Dad participated in a study with Purdue years ago on foliar feeding alfalfa. Came out that if your soil fertility was correct (ours was) the added expense of foliar plus the cost to apply it was a money losing proposition. However if you have trace mineral deficiencies in your soils it can help, but usually your greatest return was to add the trace minerals to your dry fertilizer program.

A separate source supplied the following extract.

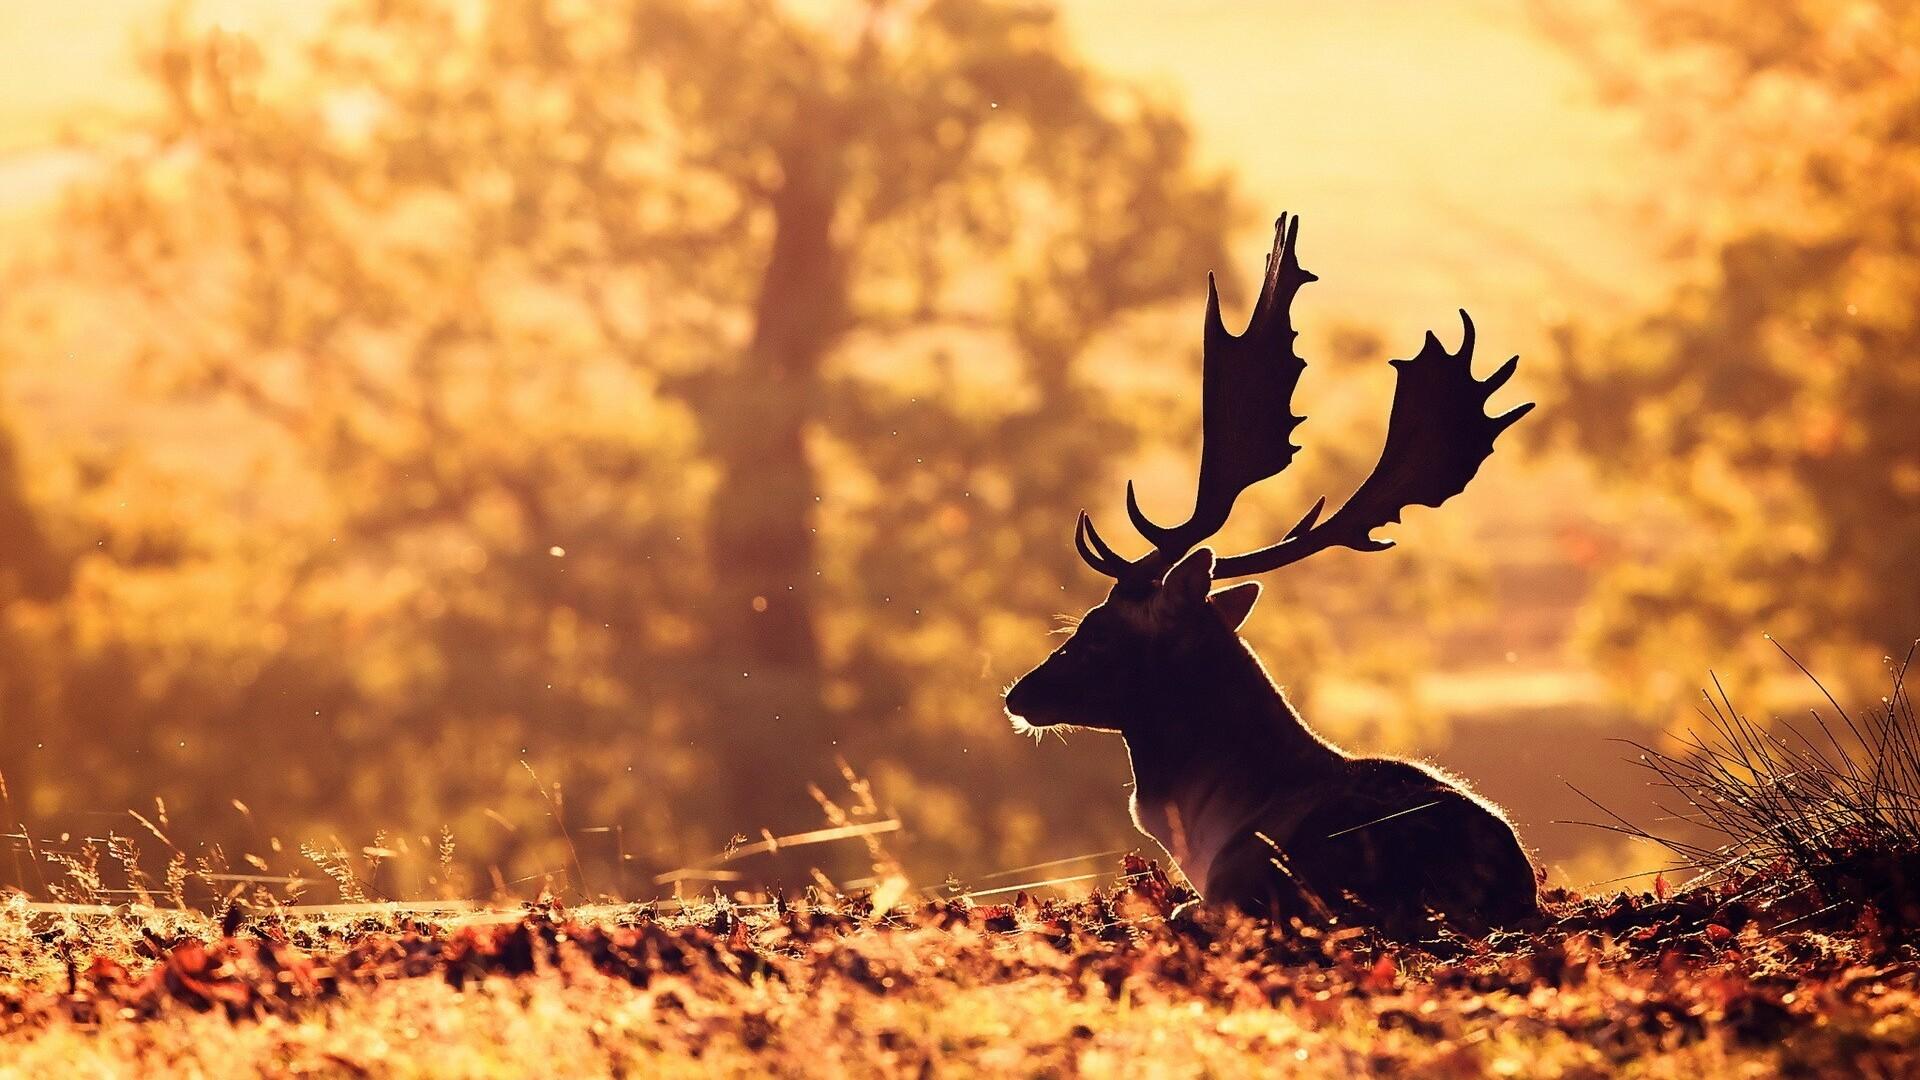 Deer Wallpapers Apps on Google

This was back in the late 70's or early 80's though, maybe some of the name brand, reputable foliars have been improved since then. If any foliar claims that by using their product your going to save a ton of money by eliminating the need to apply dry fertilizer I'd run the other way.


----------



## rajela

Tell me more about the grasshopper you was using? What kind of increase in production did you see?


----------



## swmnhay

I've said this before on here.I have a neighbor that was doing the foliar feeding of one of the so called premium foliar fertilizers.He did it for yrs and finally seen the light when he got to rent a farm where the guy kept the soil built up with dry fertilizer.At harvest he couldn't believe the difference in yields and his Yellow liquid tanks disappeared.Went to grid sampleing and dry spreding on everything then also.

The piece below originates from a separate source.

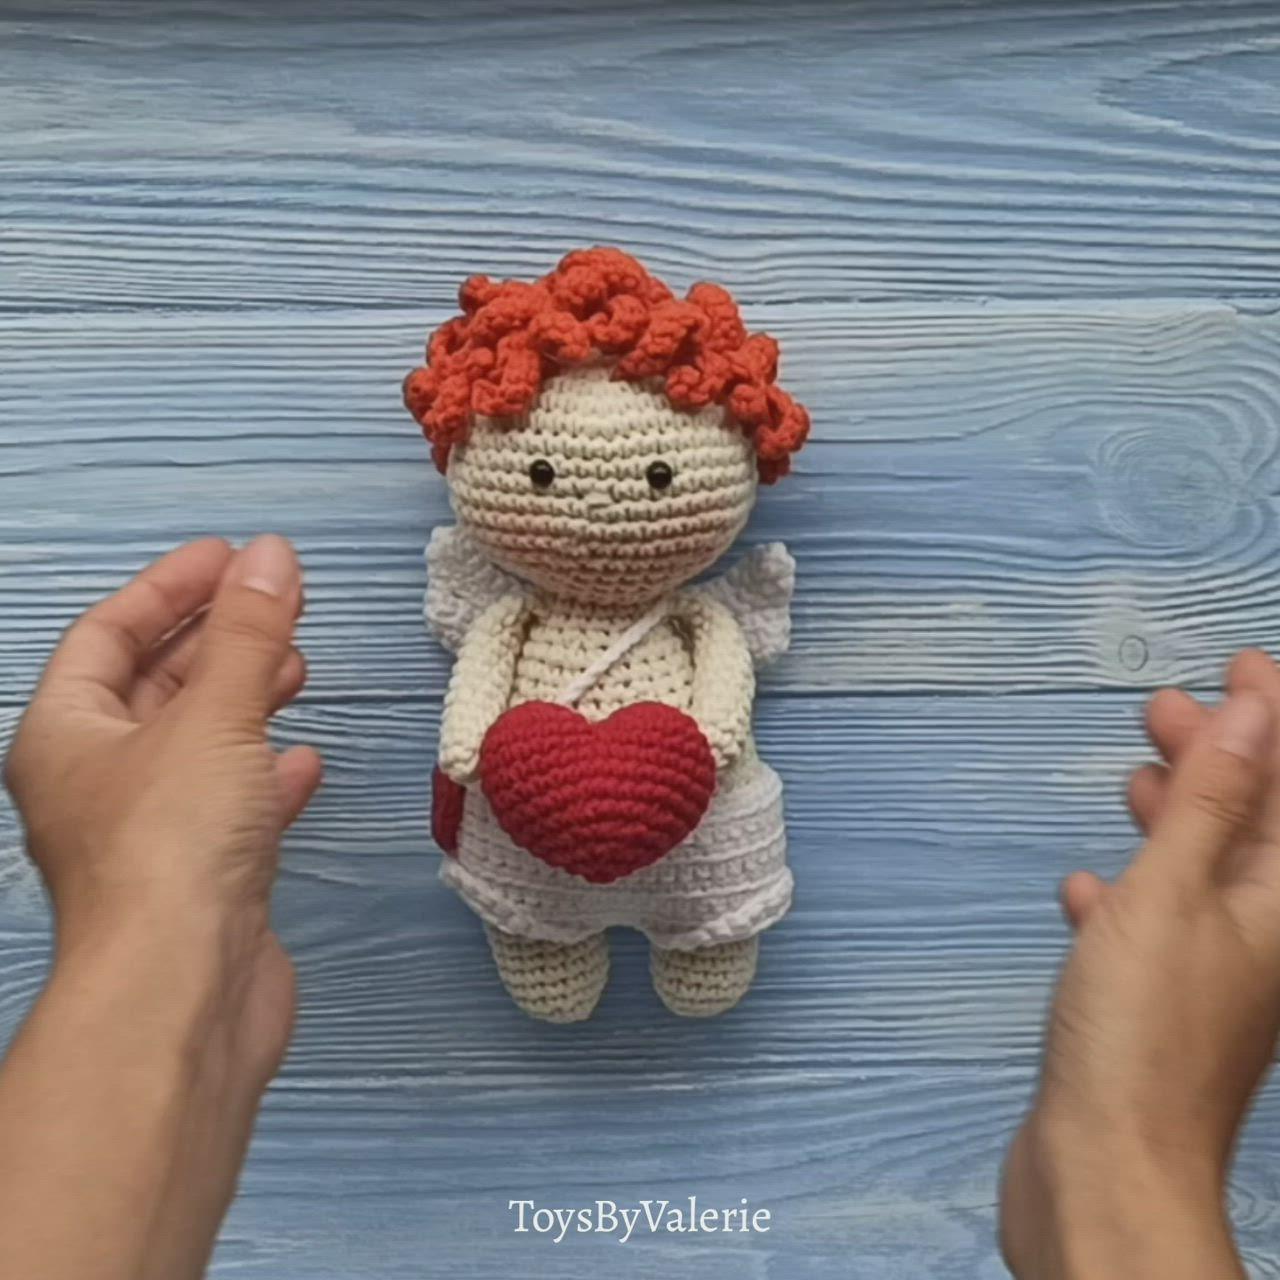 Pattern Love Angel Amigurumi Crochet Pattern Handmade Gift For Etsy Video Video In 2020 Crochet Amigurumi Knitting Patterns Toys Crochet Toys Patterns

I seen the soil test maps of his grid samples on the farms he had foliar fed for yrs they were run down to zilch.

I hate to guess how much this cost him over the yrs.Not only in his lost yield but now he is trying to build his soils back up with $600 a ton fertilizer when he could of been doing it with $200 a ton fert a few yrs ago.


----------



## hog987

Last summer with a foliar fertilizer sprayed on my second cut hay right after I got the bales removed from the first cut just about doubled my second cut yield. Now I must state that I do have a dry fertilizer program in the spring. Timing was everything. If I waited too long there would hardly be any difference. The fertilizer was a 10-45-10. The theory behind this is that after being cut the plant is very stressed. As soon as it gets some leaf to take in the fertilizer spray it. being high in P is what the plant need to get a jump start on getting those roots growing again.

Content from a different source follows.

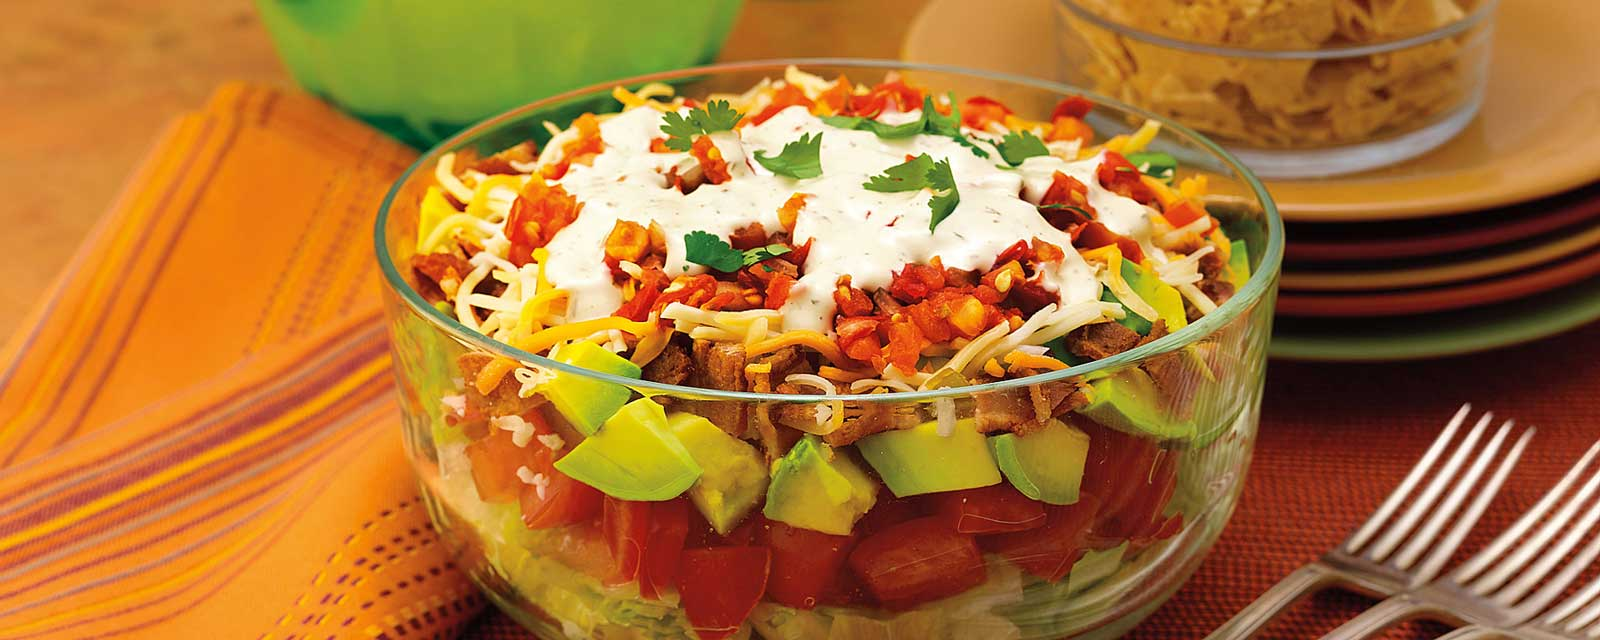 Ranch Fiesta BLT Salad

I have attached a picture taken on the same round but I has to go around on spot in the field so the plant got no fertilizer. As can be seen there is a big difference between the 2 plants.

The way I see it foliar is only one part of a fertility program. If done right can really add to the hay produced. If done wrong can be a big waste of money. Also as time goes on the foliar fertilizers are getting cheaper.

One thing that can be done is to do a feed test on your hay and than you can see what was taken out of the soil for fertility. One can also do a tissue test durning the growing season to see what is short at that moment in time.

Now as I said I increased my second cut last year so this spring Iam going to be putting out a different program for my dry fertilizer, just because I pulled that many more nutrients out of the soil.


----------



## stack em up

My brother is an agronomist and we have had this discussion before. *IF *all the other conditions are right, meaning pH, NPK, moisture at the correct time, and a lot of luck, foliar feeding works. Other times, its just a waste of money. We added GreenSeeker to our sprayer for this year, and am anxious to try it on some alfalfa. Brother told me our fertility is spot on for great alfalfa, and foliar feeding at just the right time *SHOULD *help. We will see.

This actually sounds like a great HayTalk experiment. I think if I can get all the GreenSeeker stuff calibrated, I will conduct a "controlled" experiment. Half of a field will get dry fertilizer applied 4 times, just after each cutting. The other half will get same dry fertilizer, but will attempt foliar feeding with the GreenSeeker being the "operator" determining how much to be applied. Hay will be cut and baled in like conditions, and will weigh tonnage coming off of each parcel according to the grain elevator scale.

Now I suppose this means I should actually get out to the "shop" and look at the mess of electrical harnessing I have to install... Crap...


----------



## hog987

stack em up said:


> My brother is an agronomist and we have had this discussion before. *IF *all the other conditions are right, meaning pH, NPK, moisture at the correct time, and a lot of luck, foliar feeding works. Other times, its just a waste of money. We added GreenSeeker to our sprayer for this year, and am anxious to try it on some alfalfa. Brother told me our fertility is spot on for great alfalfa, and foliar feeding at just the right time *SHOULD *help. We will see.
> 
> This actually sounds like a great HayTalk experiment. I think if I can get all the GreenSeeker stuff calibrated, I will conduct a "controlled" experiment. Half of a field will get dry fertilizer applied 4 times, just after each cutting. The other half will get same dry fertilizer, but will attempt foliar feeding with the GreenSeeker being the "operator" determining how much to be applied. Hay will be cut and baled in like conditions, and will weigh tonnage coming off of each parcel according to the grain elevator scale.
> 
> Now I suppose this means I should actually get out to the "shop" and look at the mess of electrical harnessing I have to install... Crap...


One other thing for the experiment should also be feed tests. In my experiment last summer not only did I get more yield but the hay was able to keep its quality longer. By this I mean, the hay with the foliar was cut 2 weeks later than a joining field that was also cut and there was no real difference on the feed test results. Conventional wisdom says that the later and more mature the cutting the lower the quality, not so in my case.


----------